For mapping and stimulation during the intervention, we used a navigated TMS stimulator (eXimia® NBS, Nexstim, Helsinki, Finland), with a figure-8 biphasic eXimia Focal Bipulse Coil (5 cm winding diameter) and coregistered individual anatomical T1 weighted magnetic resonance images (acquired with 3-Tesla TIM-TRIO-system, Siemens AG, Germany). Participants were seated in a comfortable reclining chair for the duration of the mapping and the following intervention. The representation of the left EDC, eliciting the largest MEP (“hotspot”) in the right M1, was determined using a standard mapping protocol and a coil orientation perpendicular to the central sulcus (Wassermann et al., 2008). The “hotspot” thus resolved upon was set as a stimulation point and remained constant during all experiments. Before and after each intervention, we acquired a MEP stimulus-response curve (SRC) and a cortical map representation at 110% resting motor threshold (RMT, defined as minimum stimulus intensity to result in at least 5/10 MEPs > 50 μV) in the healthy subject. The SRC was acquired with 10 stimuli each at 40, 50, 60 and 70 V/m of the calculated electrical field, respectively, and these intensities were expressed as percentage of the resting motor threshold. The cortical map in the patient was acquired at maximum stimulator output with three stimuli per cell. For both healthy subject and patient, the cell size of the virtual grid was 5 × 5 mm and the total grid size was 10 × 10 cm covering the primary motor cortex, the somatosensory cortex, the premotor cortex and the supplementary motor area. During all TMS measurements, participants were requested to keep their muscles relaxed. All trials were visually inspected offline and rejected from analysis where muscle pre-activation was present (<1% of cases). Electromyographic (EMG) activity was recorded using Ag/AgCl surface electrodes (Ambu Neuroline720, Ambu GmbH, Germany), placed 2 cm apart on the muscle belly. During the intervention period, a BrainAmpExG-Amplifier (Brainproducts GmbH, Germany) with 1 kHz sampling rate, high-pass filtering at 0.16 Hz and low-pass filtering at 1000 Hz, was used to record EMG activity. For the TMS mapping before and after the intervention, the integrated 6-channel EMG device of the TMS system was used with 3 kHz sampling rate and a band-pass filter of 10–500 Hz.

Experimental Set-Up

We implemented a closed-loop set-up, where TMS of the EDC representation of the right M1 (hand opening) was triggered online by oscillatory brain activity during cued kinesthetic motor imagery of hand opening (Figure 1A).

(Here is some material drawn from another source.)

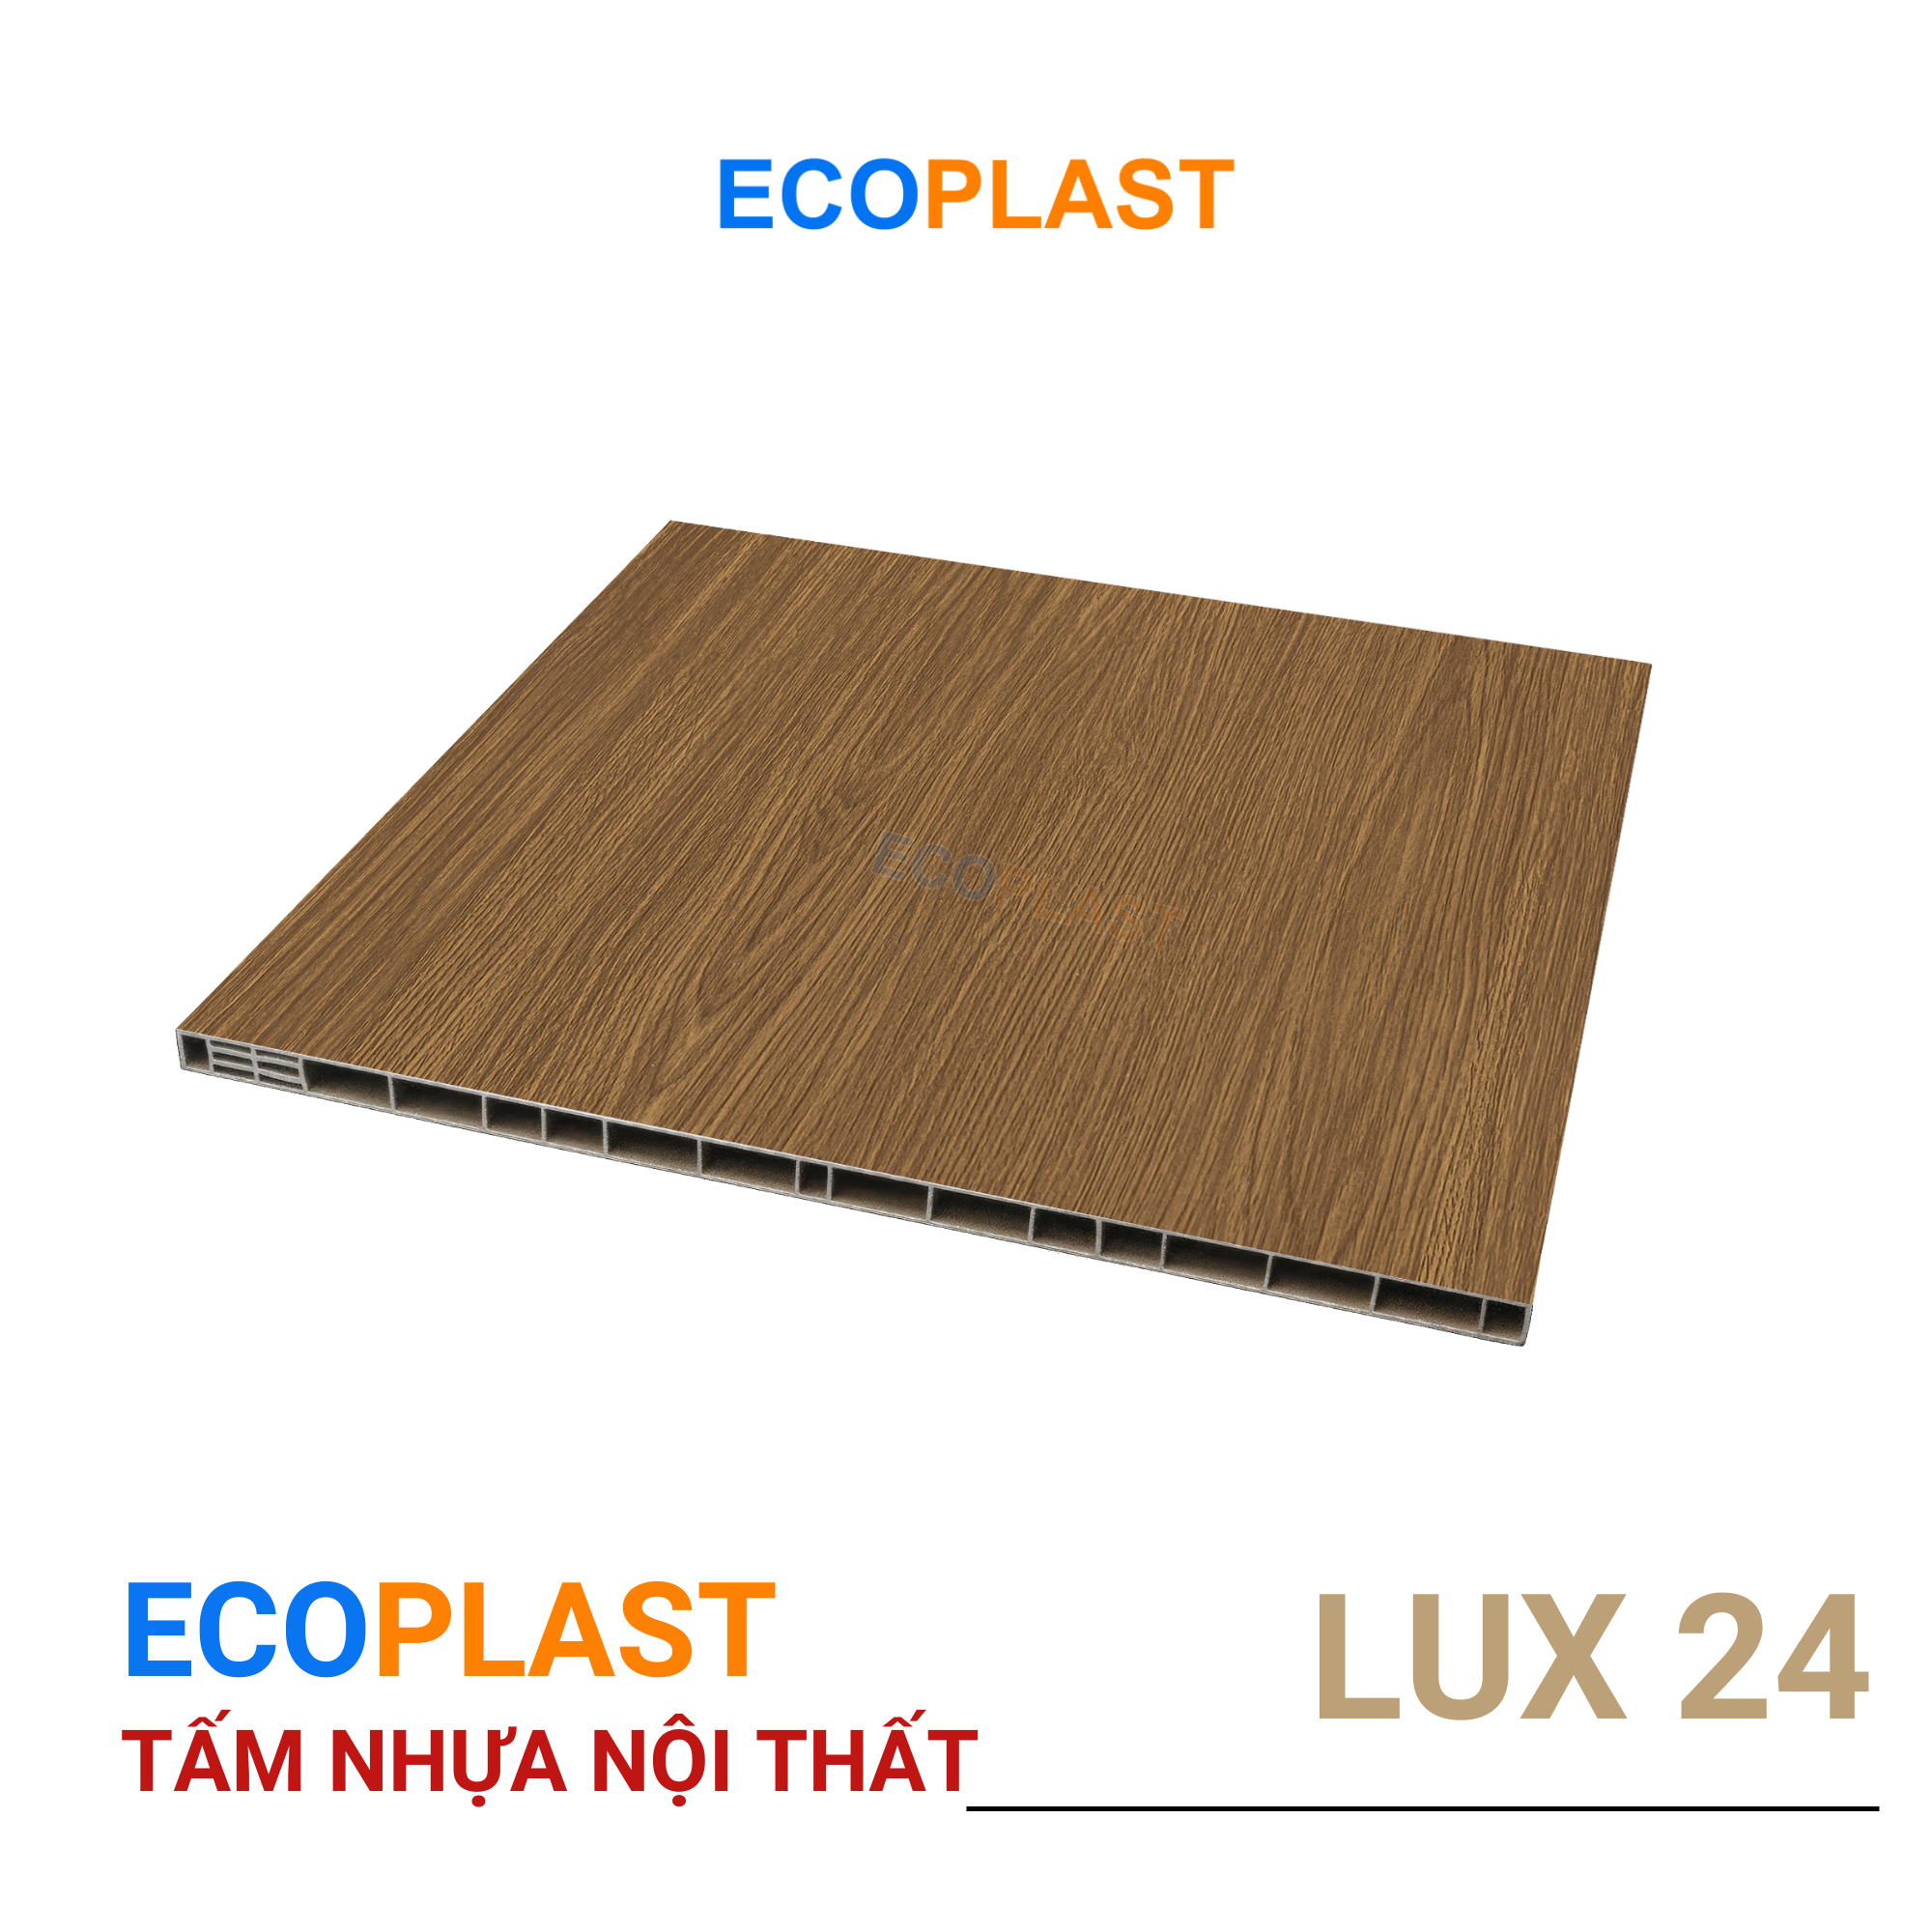 Tấm nhựa nội thất Ecoplast Luxury - Lux 24
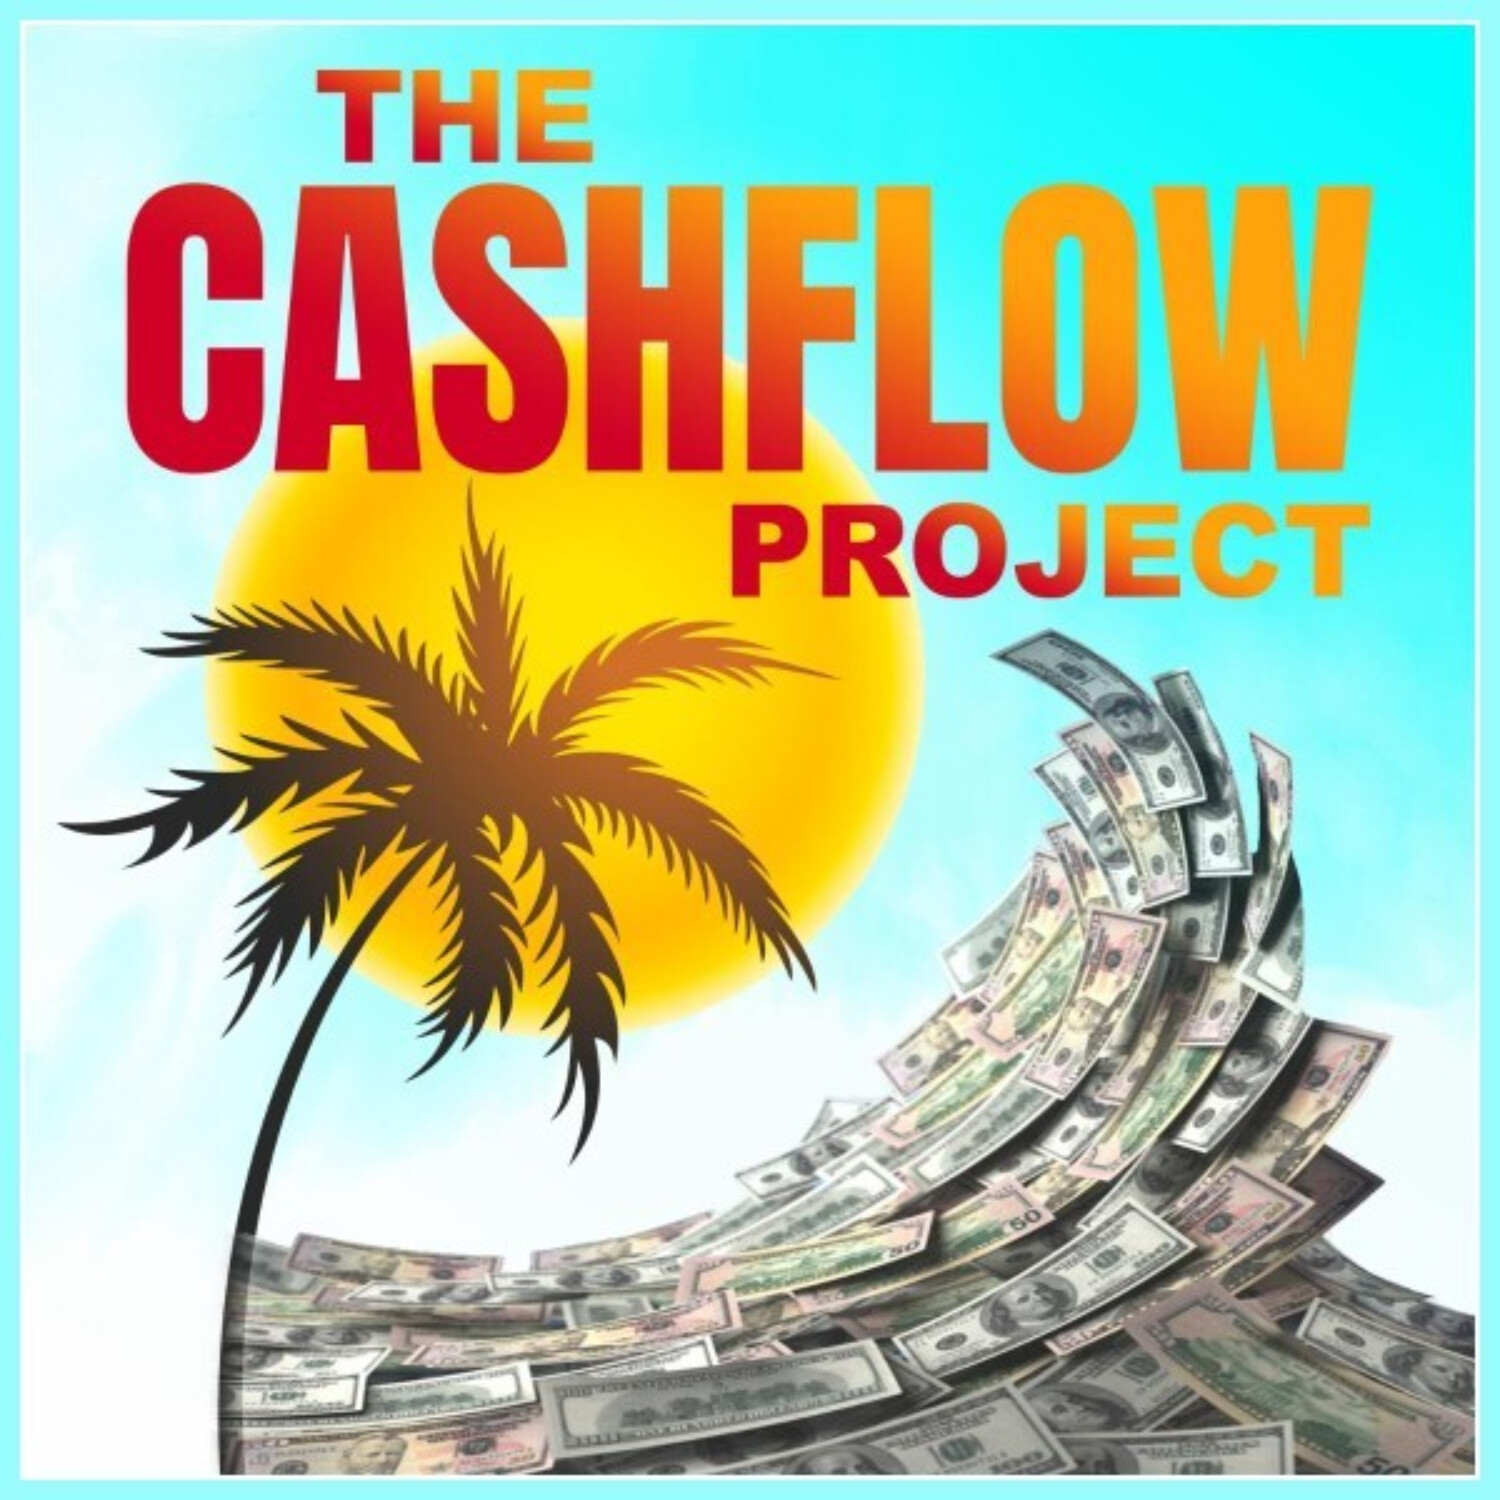 The Cashflow Project

Figure 1. (A) Experimental set-up for brain-state dependent stimulation (BSDS) including electroencephalography (EEG) recording, signal amplification (Amp), software for online analysis, and triggering of haptic feedback (hand robot) and transcranial magnetic stimulation (TMS) within a closed-loop framework. (B) Study design. (C) BSDS + HF condition: (−1). Exemplary single trial raw data of EEG recordings (red) from electrode C4 of the healthy subject (in μV, left y-axis) and the online classifier output (black, ß-power, in arbitrary units, right y-axis). Please note that, in this closed-loop feedback condition, motor imagery-related ERD frequently reaches the pre-defined threshold during the movement imagination phase (6 s after “go” signal). Moreover, TMS is applied during these ERD phases only. (D) NSBS + HF condition: Exemplary single trial demonstrating that TMS with timing replayed from the BSDS + HF condition trial shown in (C) is applied independently of ERD. Otherwise, the same conventions as in (C) apply.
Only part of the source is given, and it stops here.